Stadt im MK verlangt von Mietern 100 Euro - weil sie wohnen

Die Stadt Lüdenscheid verlangt von Mietern eines Hochhauses 100 Euro plus Gebühren - weil sie in ihren Wohnungen wohnen. Teilweise seit mehr als 40 Jahren. 

  • Mieter eines Hochhauses in Lüdenscheid bekamen Post von der Stadt
  • Sie sollen 100 Euro plus Bearbeitungsgebühr bezahlen - weil sie in ihren Wohnungen wohnen
  • Hintergrund ist ein Streit der Stadt mit dem Vermieter

Der Streit um fehlende Rettungswege und eine Aufstellfläche für die Feuerwehr am Hochhaus Handweiserstraße 16 schwelt weiter.

Für sechs Mietparteien tickt die Uhr bis zur drohenden Räumung ihrer Wohnungen unerbittlich. Wie der Lüdenscheider Roland Desens, Schwiegersohn von Mieterin Anna Dabrowski (85) und Sprecher der betroffenen Bewohner, gegenüber unserer Redaktion mitteilt, hält die Stadtverwaltung an ihren Forderungen fest

Für den behördlichen Bescheid über die „Untersagung rechtswidriger Nutzungen“ - in diesem Fall das Wohnen - müssen die Mieter der Sozialwohnungen Gebühren von jeweils 100 Euro plus 3,50 Euro für Auslagen entrichten.
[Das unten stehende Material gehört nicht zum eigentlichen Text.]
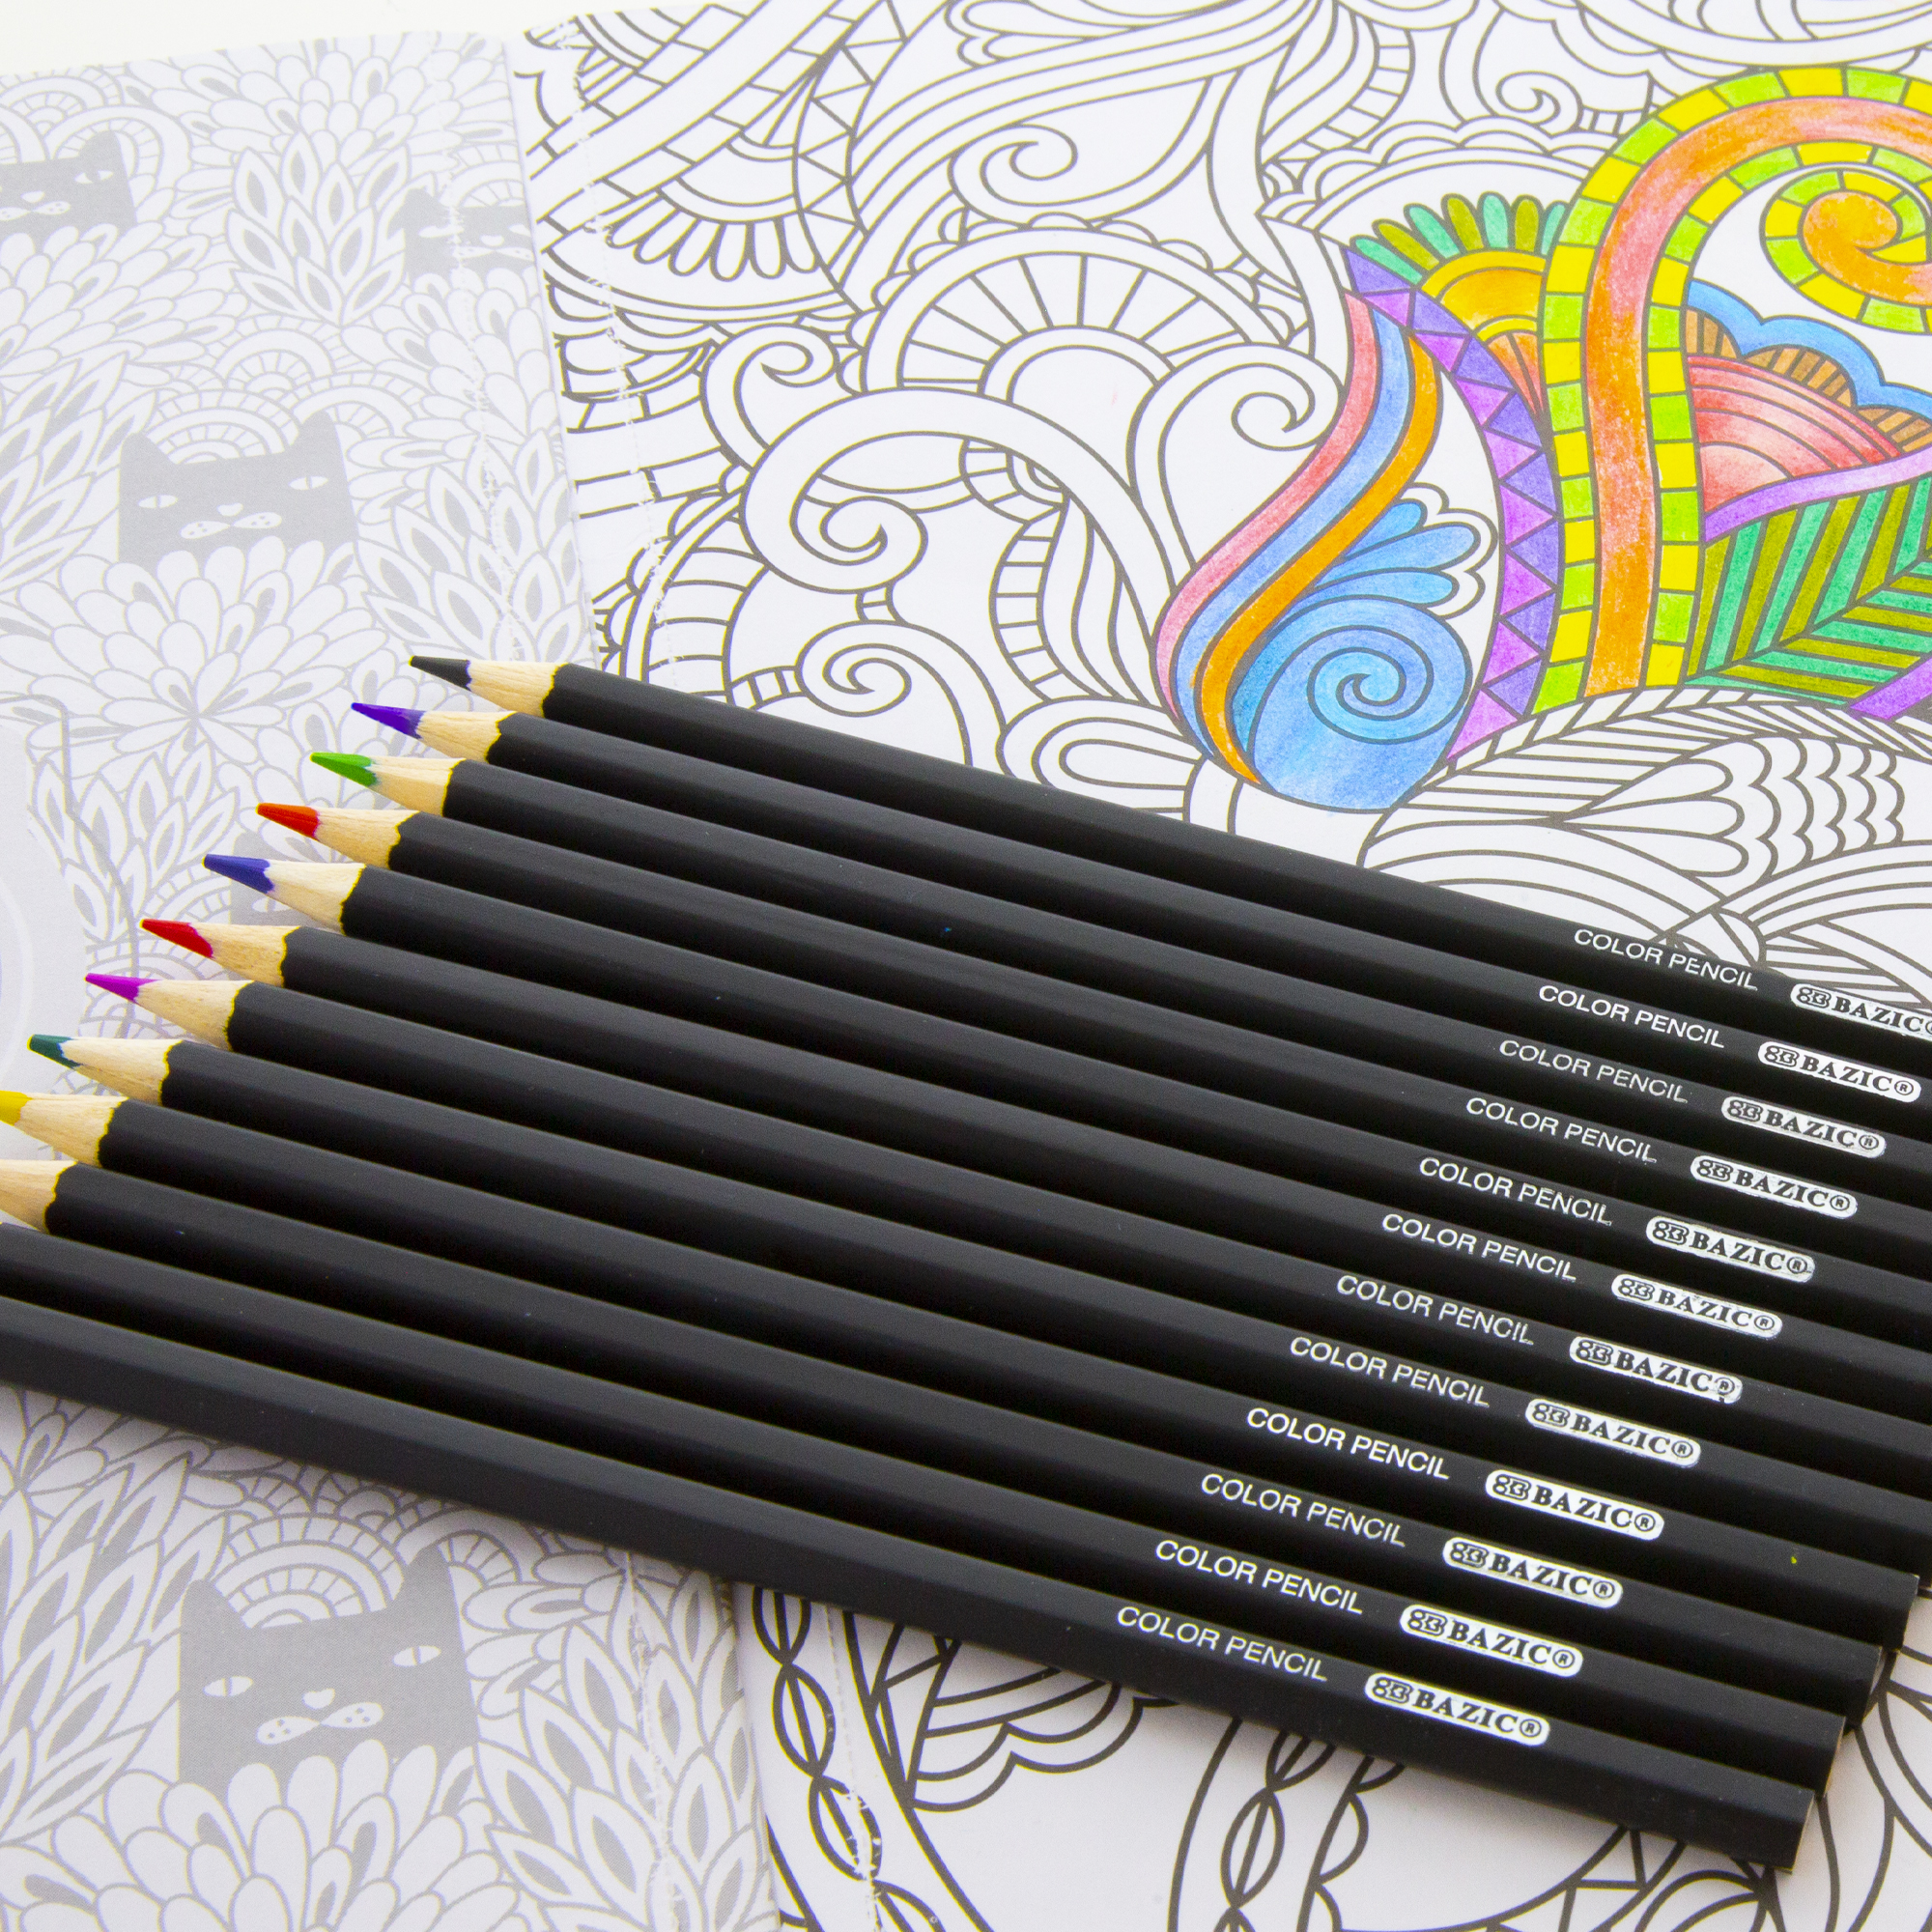 Metal Waterborne Pencil, Metal Colored Pencils, Wax Colored Pencils

Die Frist zur Zahlung ist am Dienstag, 14. Juli, abgelaufen. 

Mieter-Rauswurf in Lüdenscheid: Stadt will Hochhaus zwangsräumen und versiegeln

Desens: „Ich habe den Leuten empfohlen, die Gebühr zu bezahlen.“ Anderenfalls müssten die Betroffenen wohl mit dem Besuch eines Gerichtsvollziehers rechnen. 
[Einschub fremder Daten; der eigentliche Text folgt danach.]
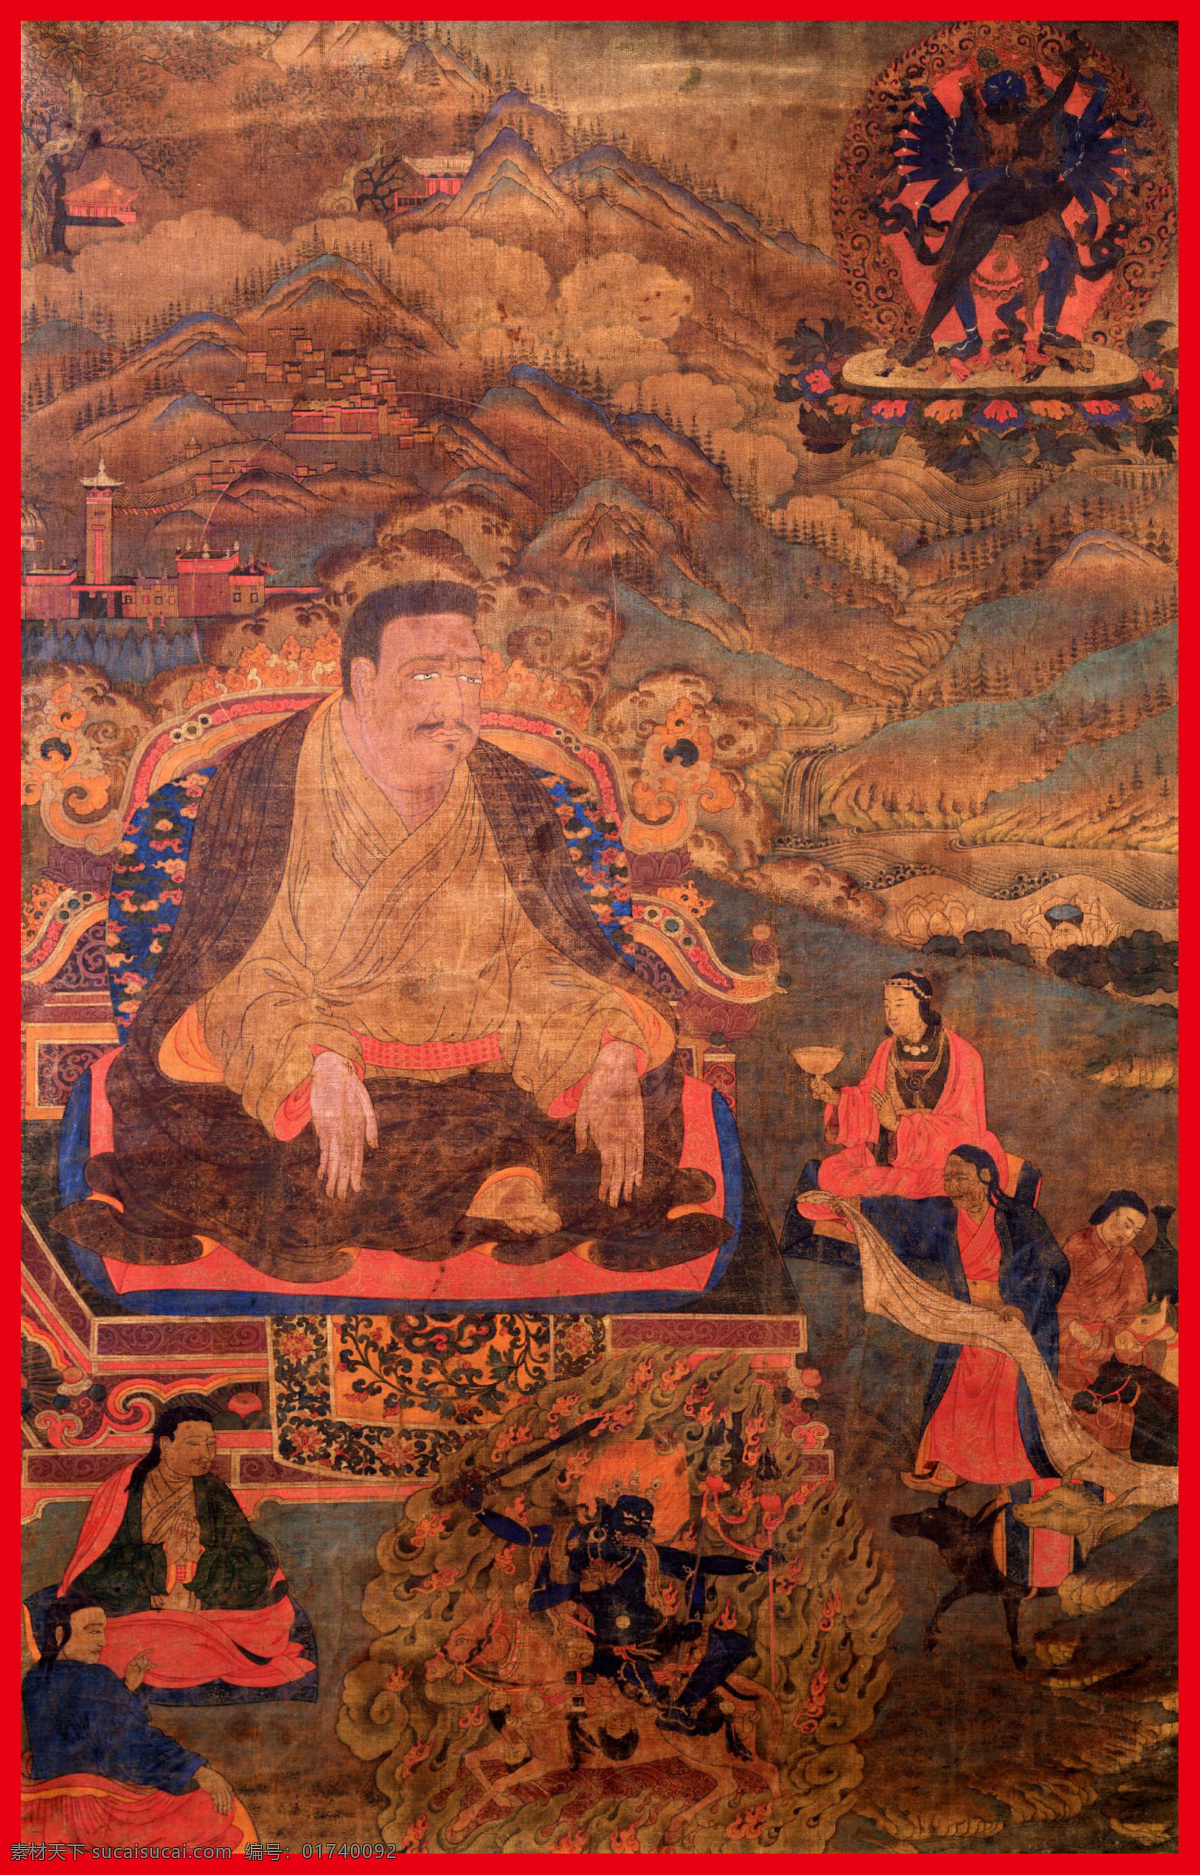 成就 传承 佛 佛教 菩萨 唐卡 文化艺术 老唐卡 金刚上师 西藏 藏传 密宗 法器 成就者 大德 喇嘛 活佛 宗教信仰

Die Gebühren stellen für die Mieter ein vergleichsweise kleines Übel dar. Sollten die zuständige R & S-Hausverwaltung und die städtische Bauaufsicht in den nächsten Tagen keine Einigung über die Beseitigung des „baurechtswidrigen Zustandes“ erzielen, will die Stadt die Wohnungen spätestens übernächste Woche Montag zwangsräumen und versiegeln

Ein Feuerwehreinsatz an einem der Hochhäuser an der Handweiserstraße machte in der vergangenen Woche die Brandschutzmängel auf dem Gelände deutlich.

In der Ordnungsverfügung heißt es dazu: „Die Kontrolle, ob die Wohnnutzung aufgegeben wurde, findet am 28. Juli gegen 10 Uhr statt.“ Doch wohin die Mieter umziehen sollen, dafür habe die Verwaltung kein Angebot gemacht, kritisiert Roland Desens. „Hier geht die Stadt sehr, sehr schlecht mit Bürgern um.“ Seine betagte Schwiegermutter wohne immerhin seit 47 Jahren in dem Haus. 
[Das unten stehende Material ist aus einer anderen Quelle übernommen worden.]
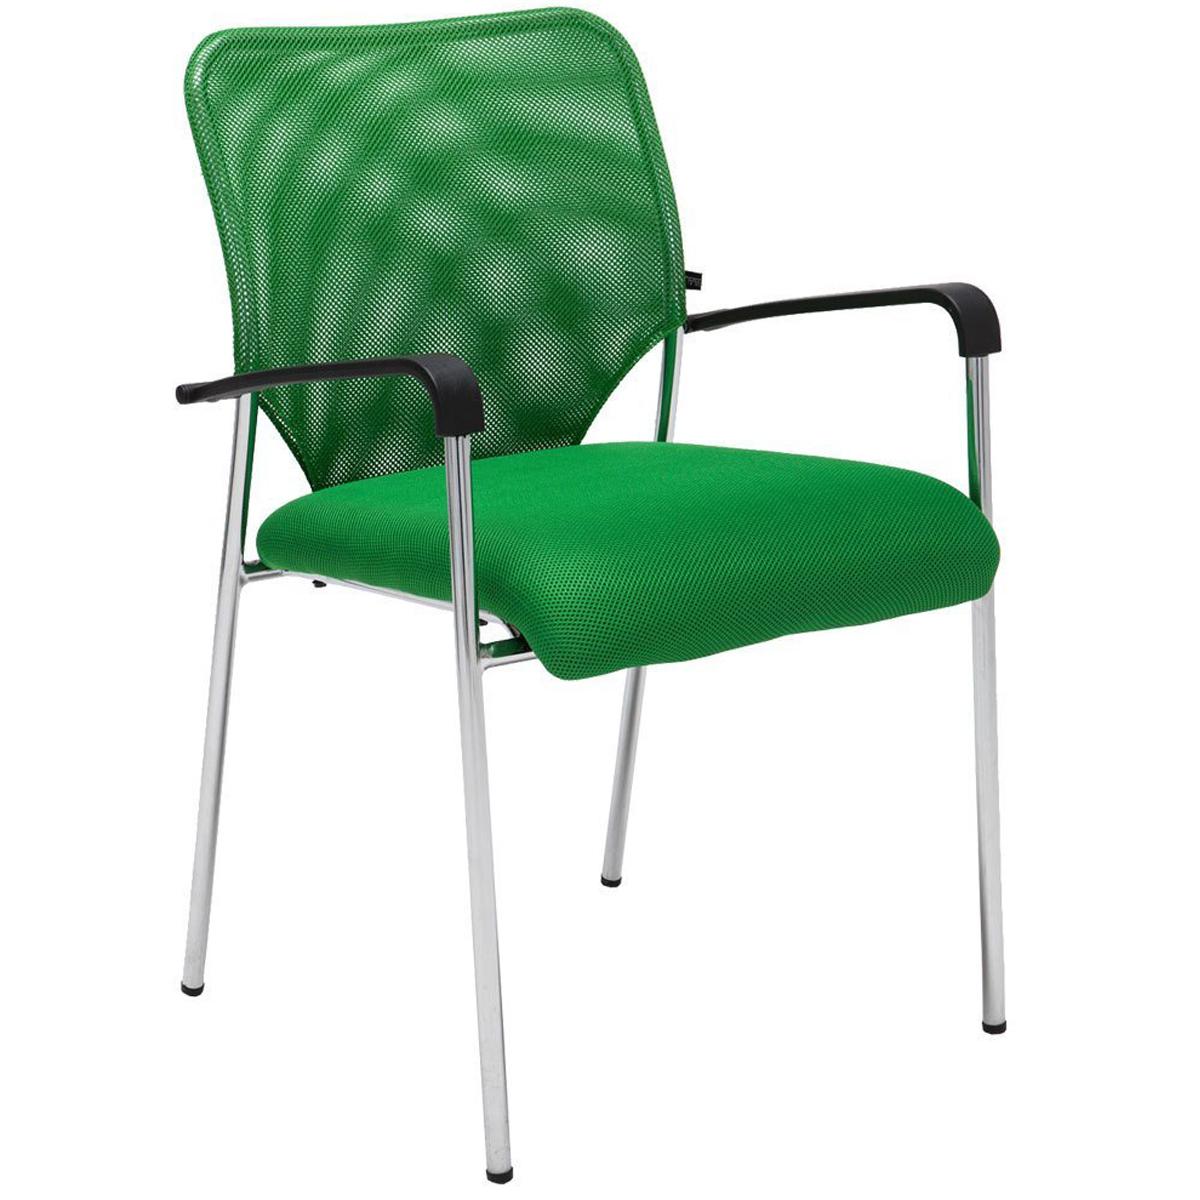 Konferenzstuhl JAMAIKA, robust und sehr bequem, atmungsaktiver Netzstoff, Farbe Grün

Mieter-Rauswurf in Lüdenscheid: Gespräch für Zwischenlösung am Donnerstag

Dazu sagt Stadtpressesprecher Sven Prillwitz: „Wir wollen vermeiden, dass wir die Menschen aus ihren Wohnungen holen müssen.“ Aber die Stadt müsse halt auch für die Sicherheit der Bürger sorgen

Prillwitz weiter: „Wenn es nicht zu einer Einigung kommt, dann hat der Inhalt der Ordnungsverfügung Bestand.“ Inzwischen liegt zumindest ein weiteres Gesprächsangebot vor. Am Donnerstag, 16. Juli, um 11 Uhr wollen sich die stellvertretende Fachdienstleiterin Dr. Irina Vellay und die seit kurzem für R & S tätige Architektin Barbara Hemicker über mögliche Zwischenlösungen austauschen. 

Ziel der Architektin ist zunächst der zügige Bau eines Gerüstes, um eine Evakuierung zu verhindern. Am Donnerstag will sie im Rathaus auch ein Konzept für eine Dauerlösung vorstellen.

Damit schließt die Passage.